J’imagine que, tout comme moi, vous avez été témoin de la vague de panique qui a saisi la population dans les dernières semaines. Plusieurs criaient haut et fort sur les différentes plateformes des réseaux sociaux que le grand méchant loup, Legault, s’approcherait de manière imminente de la bergerie pour nous voler nos enfants, nos droits et nos obligations envers ceux-ci et pour se les partager avec sa meute, l’État et le directeur de la protection de la jeunesse (ci-après nommé « DPJ »). Si vous n’avez aucune idée de ce à quoi je fais allusion, je vous le souffle doucement pour ne pas raviver le feu qui semble s’être calmé : la primauté parentale. Voici un principe que plusieurs ignoraient jusqu’à dernièrement. Néanmoins, il n’en demeure pas moins  important. Il est donc crucial de s’assurer de bien saisir l’enjeu en question avant de se positionner sur un sujet aussi sensible. Je vous propose donc des définitions, illustrées par un cas réel, permettant de distinguer la primauté parentale et l’autorité parentale. A priori, il incombe de commencer par la tragédie à la source de l’émoi.
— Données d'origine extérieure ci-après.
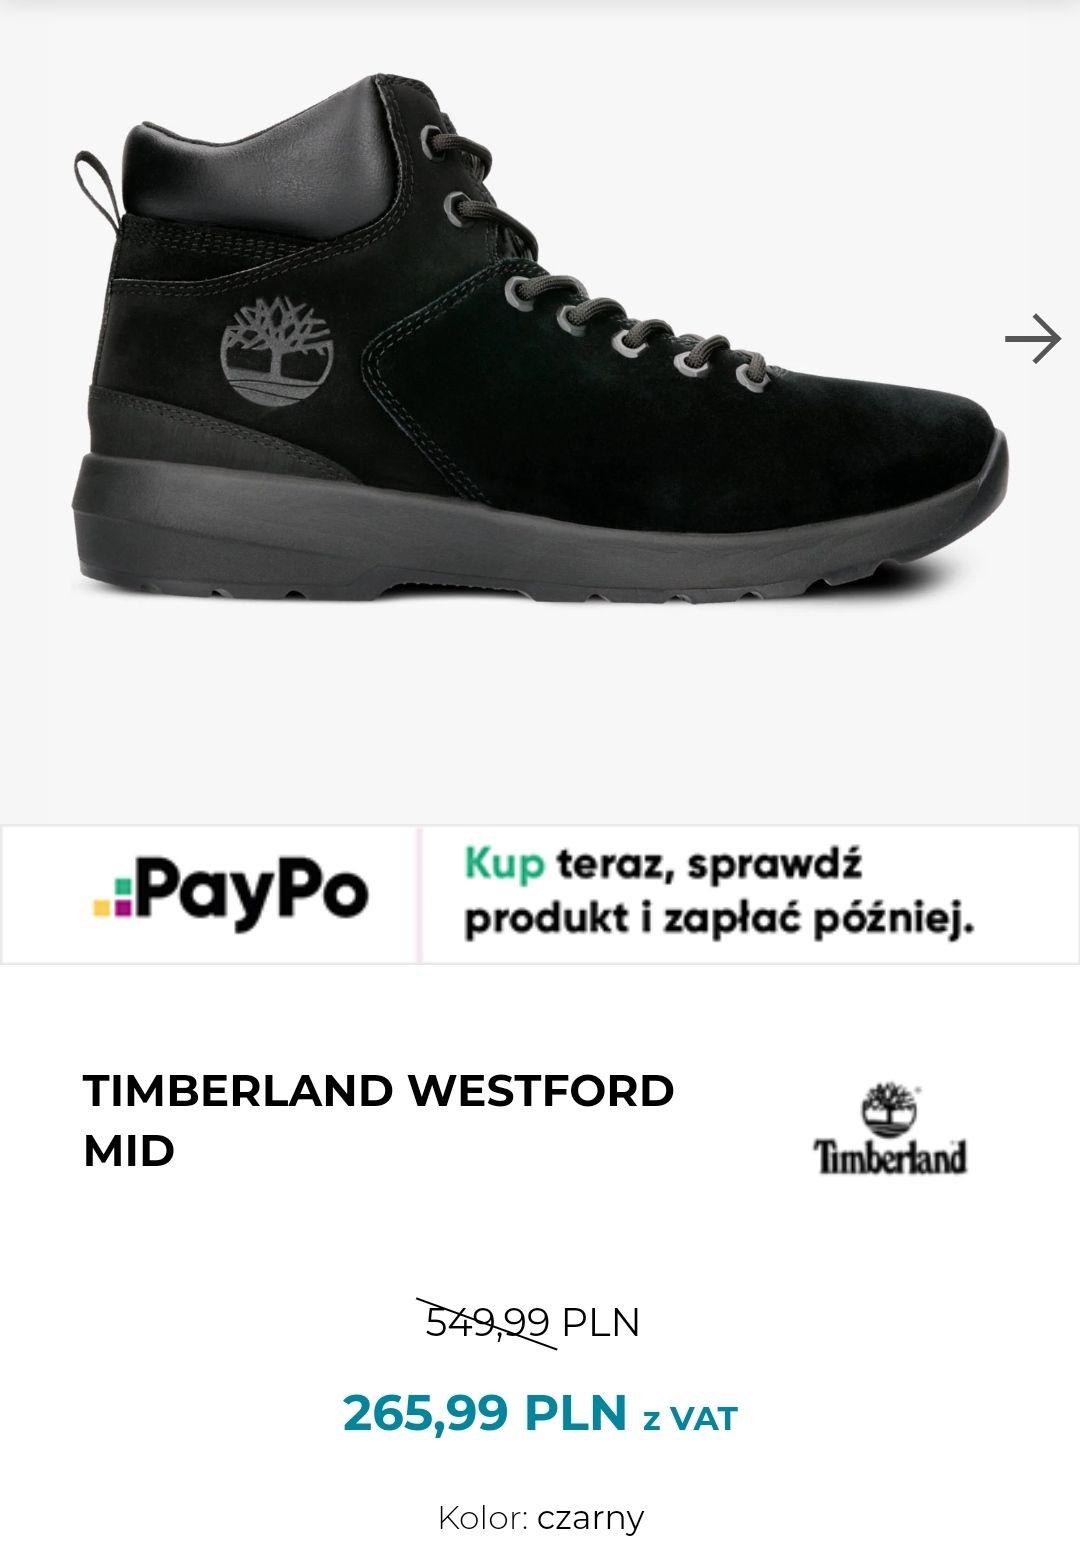 TIMBERLAND WESTFORD MID
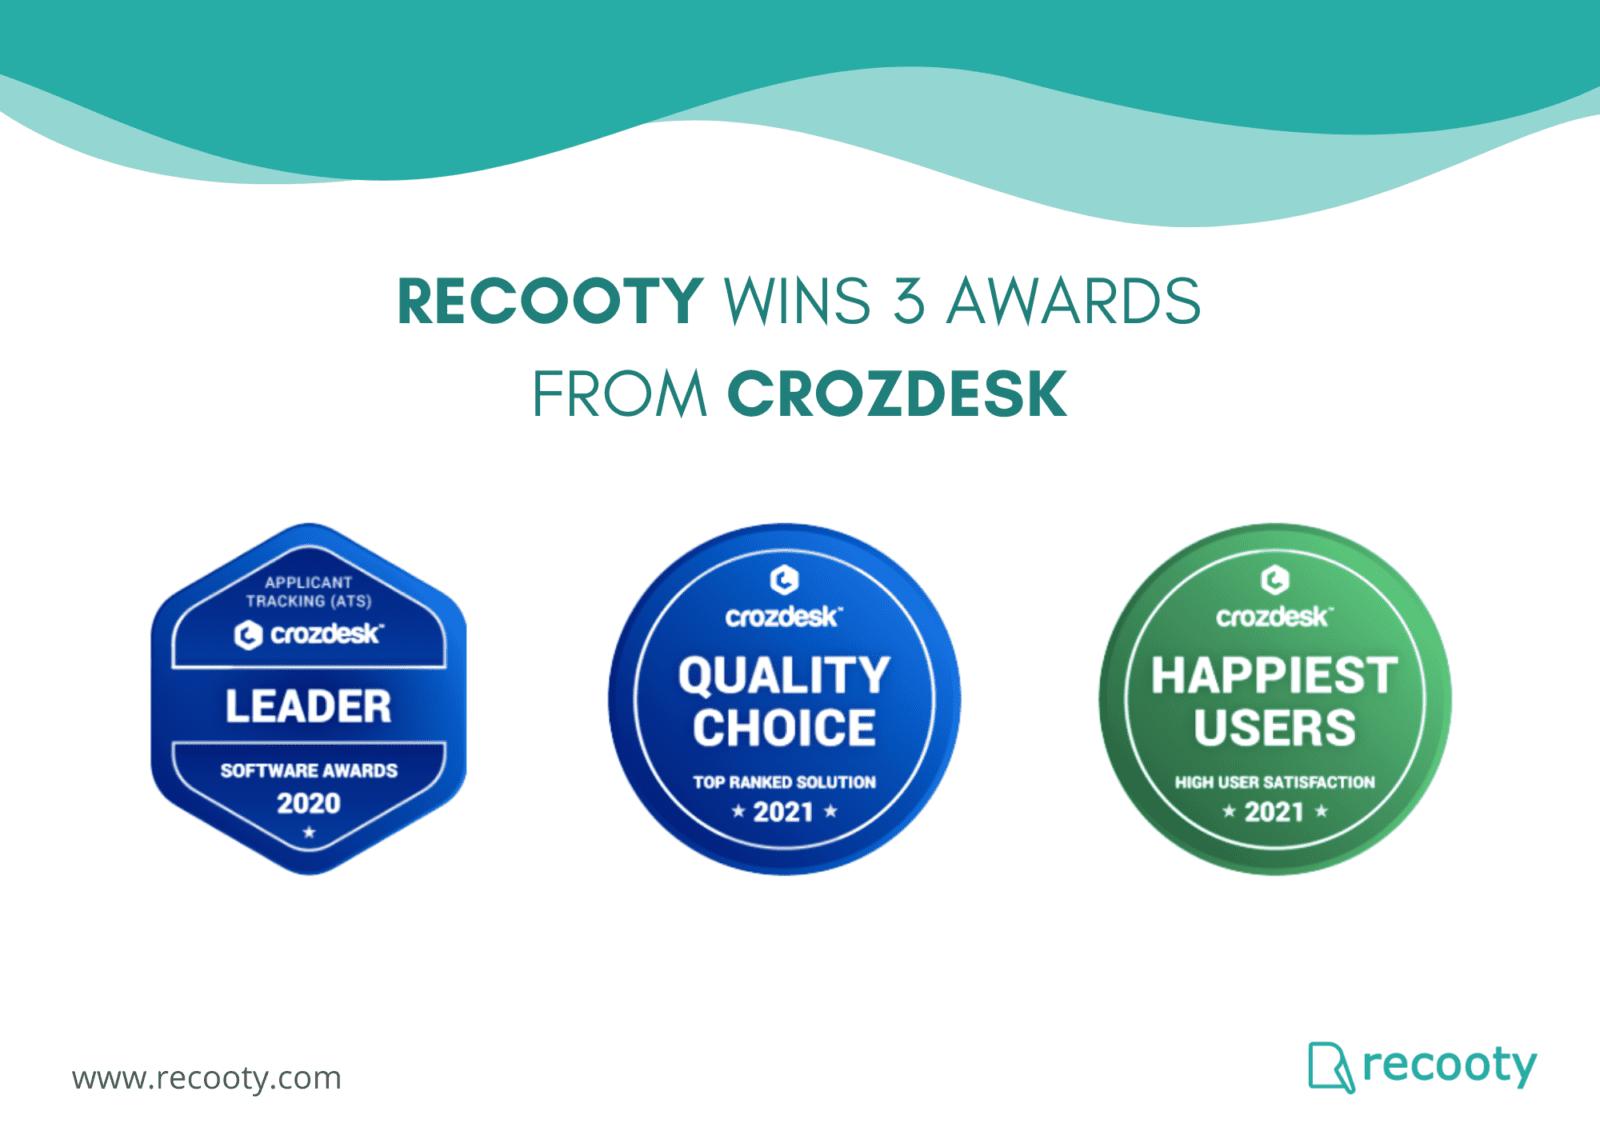 Corzdesk awards recooty. Crozdesk recognition awards 2020. Crozdesk recognition awards 2021. Recooty receives awards from Crozdesk.

Le drame de la petite fille de Granby

Au mois d’avril 2019, le Québec a été ébranlé par le drame de la petite fille de Granby. Le lundi 29 avril 2019, une petite fille qui était suivie par le DPJ a été retrouvée ligotée et en arrêt cardiorespiratoire suite à l’appel au secours de son père. Cette petite fille de 7 ans vivait avec ce dernier et sa conjointe. Elle était élevée par son père et sa belle-mère, des parents « inadéquats [et] violents »[1] qui la négligeaient au plan éducatif et abusaient d’elle physiquement et psychologiquement[2]. Ses parents se sont vus accorder sa garde en septembre 2015 malgré le fait qu’elle ait vécu les 3 premières années de sa vie chez sa grand-mère devenue son parent référent. Malheureusement, le maintien de cette petite fille dans son foyer biologique l’a fait passer de vie à trépas.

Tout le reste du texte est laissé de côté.